Building the Swiper control (the iOS part)

This is going to be a rather long post about building the Swiper control for iOS. There is also a WP and an Android-renderer available but in this post I'll focus on iOS.

The Swiper control is a image flipping control that displays images in a long line and allows for lazy-loading of new images.

All source code is available at GitHub (https://github.com/johankson/flipper) and the bits can also be downloaded through nuget (http://www.nuget.org/packages/Flipper.Forms/).

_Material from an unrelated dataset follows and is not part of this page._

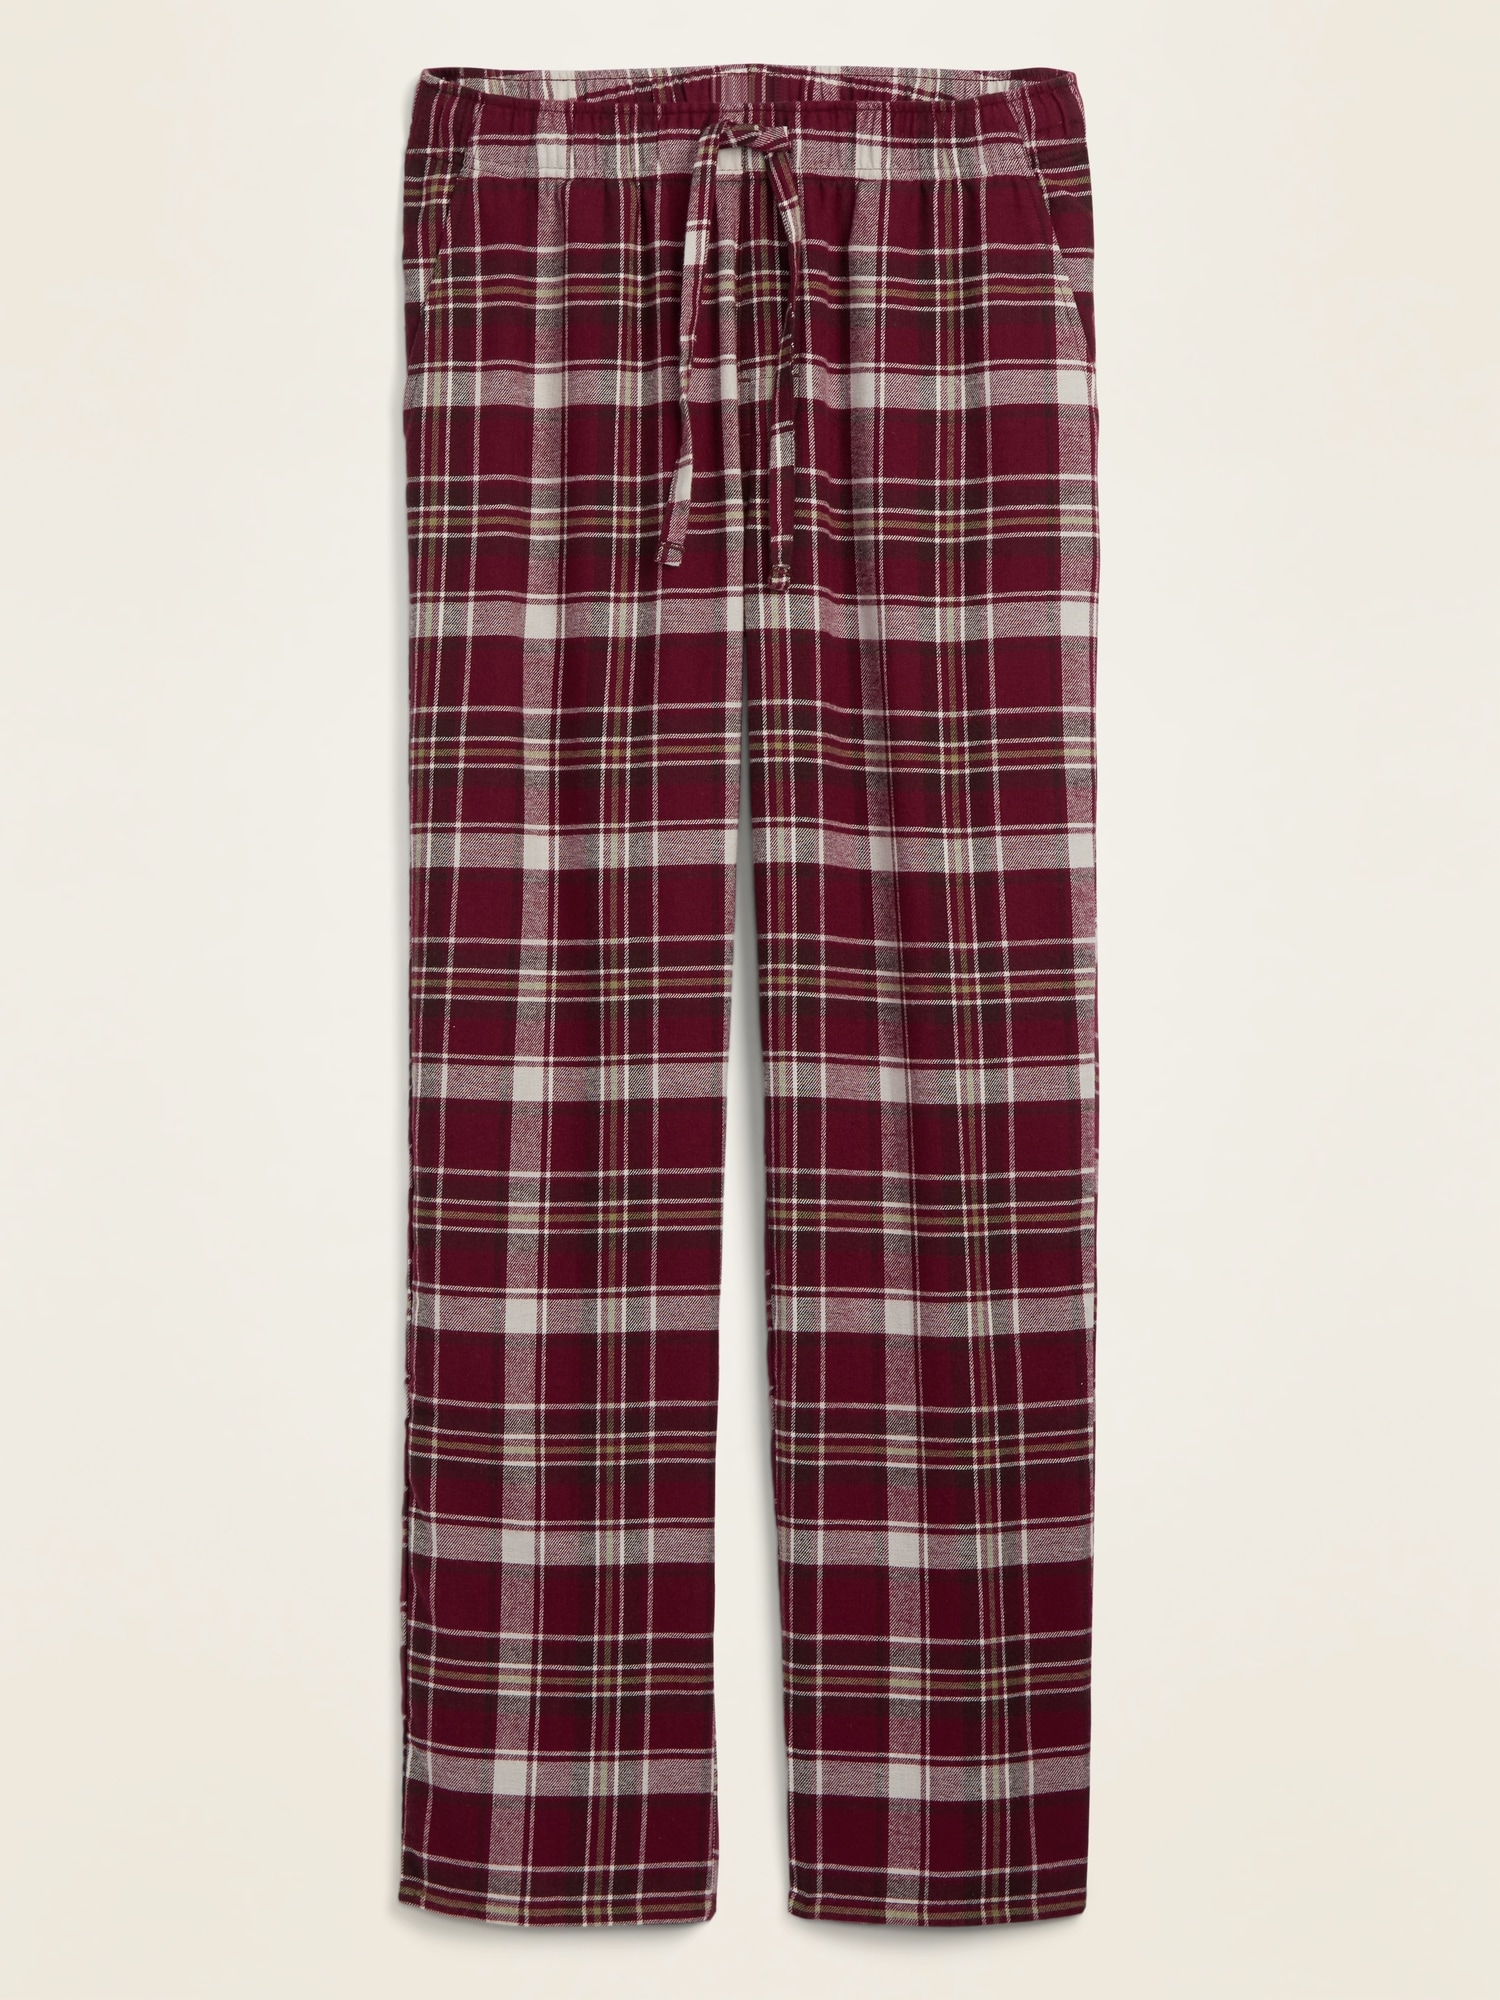 NWT: Men’s Old Navy Plaid Flannel Pajama Pants, Red/Black, Size XL 
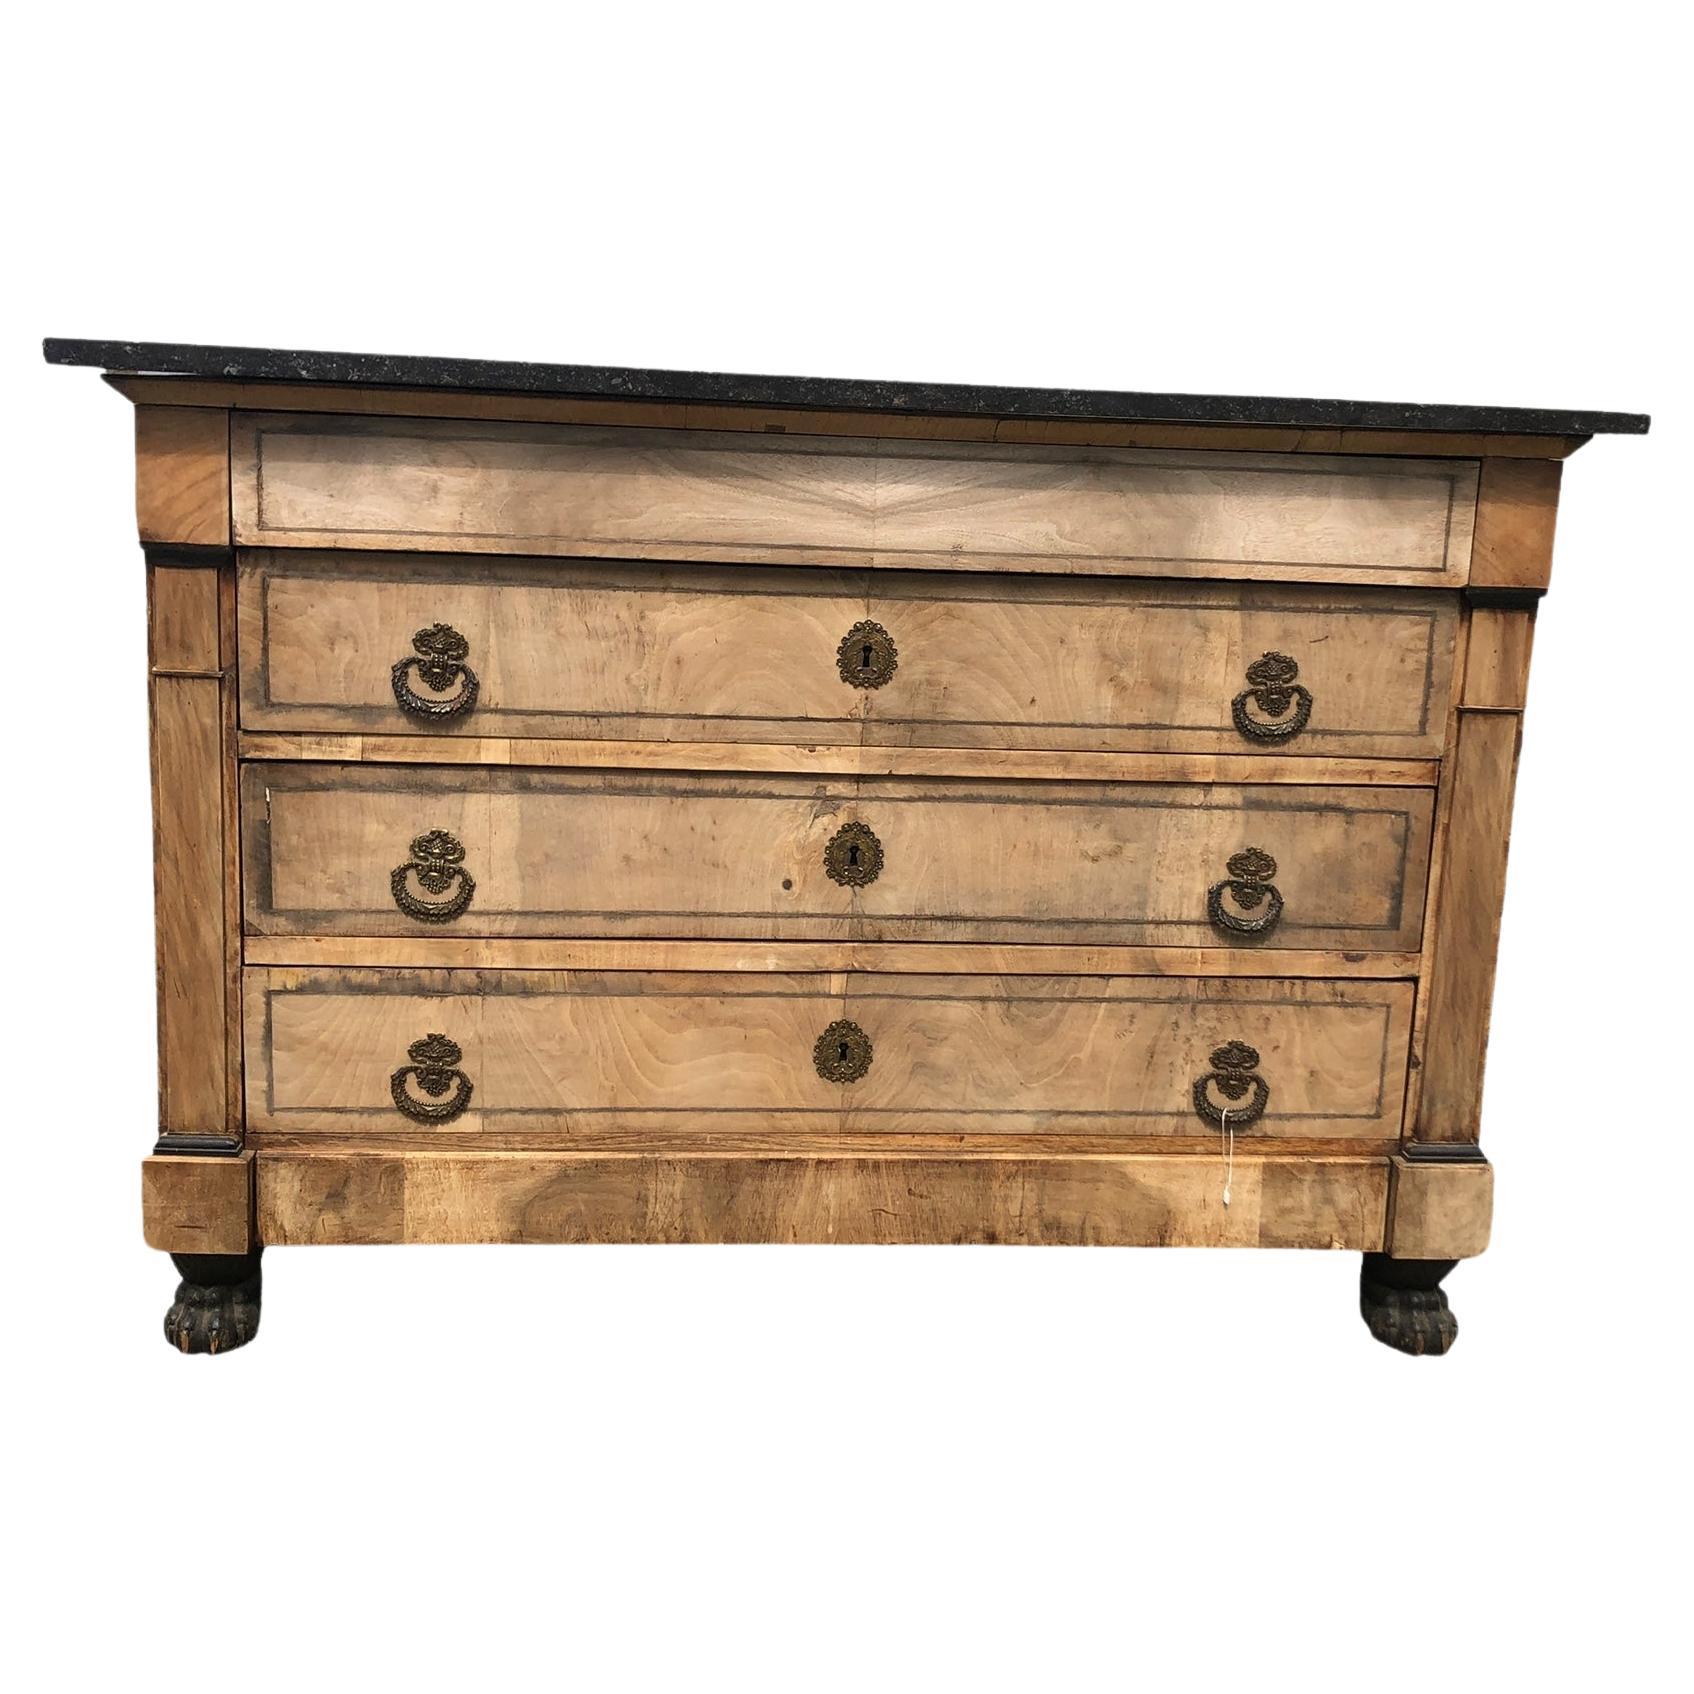 French Empire Style Bleached Walnut Marble Top Chest with Ebonized Feet.

What's the purpose with this blog post?

The purpose is to show you how the swiper control is built from an iOS perspective.


Introduction

This control is a standard Xamarin Forms control. That means that there are two major parts;
  • The shared code in the PCL
  • One renderer for each platform
In the shared code we declare our control in a platform agnostic way. I've chosen to name it Swiper.cs (upper blue arrow). Each platform then has a corresponding renderer if they do custom rendering that is. In this case the lower blue arror pointing at the file named SwiperRenderer.cs.


We're going to look into details for each of these files in a little while. But first I think we should start by looking at how the control is used and what it looks like in action.

How is it used?

We're going to start at the end where it gets used. In a XAML-page, the example is from the sample app included in the project.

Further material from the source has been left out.